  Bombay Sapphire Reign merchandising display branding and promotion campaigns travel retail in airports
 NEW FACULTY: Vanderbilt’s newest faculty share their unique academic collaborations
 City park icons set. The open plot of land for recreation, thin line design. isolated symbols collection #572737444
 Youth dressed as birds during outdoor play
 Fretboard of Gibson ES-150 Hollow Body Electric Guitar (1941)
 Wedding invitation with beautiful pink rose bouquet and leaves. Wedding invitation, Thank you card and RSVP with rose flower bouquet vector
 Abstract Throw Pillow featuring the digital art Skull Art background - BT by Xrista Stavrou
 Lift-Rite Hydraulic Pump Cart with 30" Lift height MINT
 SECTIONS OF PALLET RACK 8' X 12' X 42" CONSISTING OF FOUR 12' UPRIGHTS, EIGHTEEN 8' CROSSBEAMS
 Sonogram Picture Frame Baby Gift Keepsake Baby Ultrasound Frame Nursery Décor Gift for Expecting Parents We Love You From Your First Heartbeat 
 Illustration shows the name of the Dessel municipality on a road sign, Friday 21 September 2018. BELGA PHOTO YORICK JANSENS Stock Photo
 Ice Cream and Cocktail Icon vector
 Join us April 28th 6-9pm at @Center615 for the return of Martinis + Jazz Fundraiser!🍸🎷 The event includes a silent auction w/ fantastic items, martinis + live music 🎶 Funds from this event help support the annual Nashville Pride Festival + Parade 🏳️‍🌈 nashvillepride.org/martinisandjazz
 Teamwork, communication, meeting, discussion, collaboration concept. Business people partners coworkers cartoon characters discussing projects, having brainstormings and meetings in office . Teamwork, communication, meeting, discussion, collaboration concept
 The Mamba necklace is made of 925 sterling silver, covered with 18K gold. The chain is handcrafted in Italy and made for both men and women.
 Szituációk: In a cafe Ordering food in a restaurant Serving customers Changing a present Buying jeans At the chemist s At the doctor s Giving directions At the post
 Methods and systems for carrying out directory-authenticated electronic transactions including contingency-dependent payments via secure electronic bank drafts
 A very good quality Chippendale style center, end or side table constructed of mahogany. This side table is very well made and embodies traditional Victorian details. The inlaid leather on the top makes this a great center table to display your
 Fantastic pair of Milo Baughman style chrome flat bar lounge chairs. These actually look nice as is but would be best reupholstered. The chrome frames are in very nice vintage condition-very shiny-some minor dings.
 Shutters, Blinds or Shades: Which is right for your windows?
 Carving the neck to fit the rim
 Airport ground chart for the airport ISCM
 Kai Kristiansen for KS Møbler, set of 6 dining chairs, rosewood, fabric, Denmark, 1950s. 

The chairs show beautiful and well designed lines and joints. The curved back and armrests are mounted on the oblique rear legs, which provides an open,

- - -

### Problem details
Only the lines above starting with the one with "City park icons" and going through the one with "Fretboard of Gibson" are to be copied, word for word and with both ends kept.

### Answer box
 City park icons set. The open plot of land for recreation, thin line design. isolated symbols collection #572737444
 Youth dressed as birds during outdoor play
 Fretboard of Gibson ES-150 Hollow Body Electric Guitar (1941)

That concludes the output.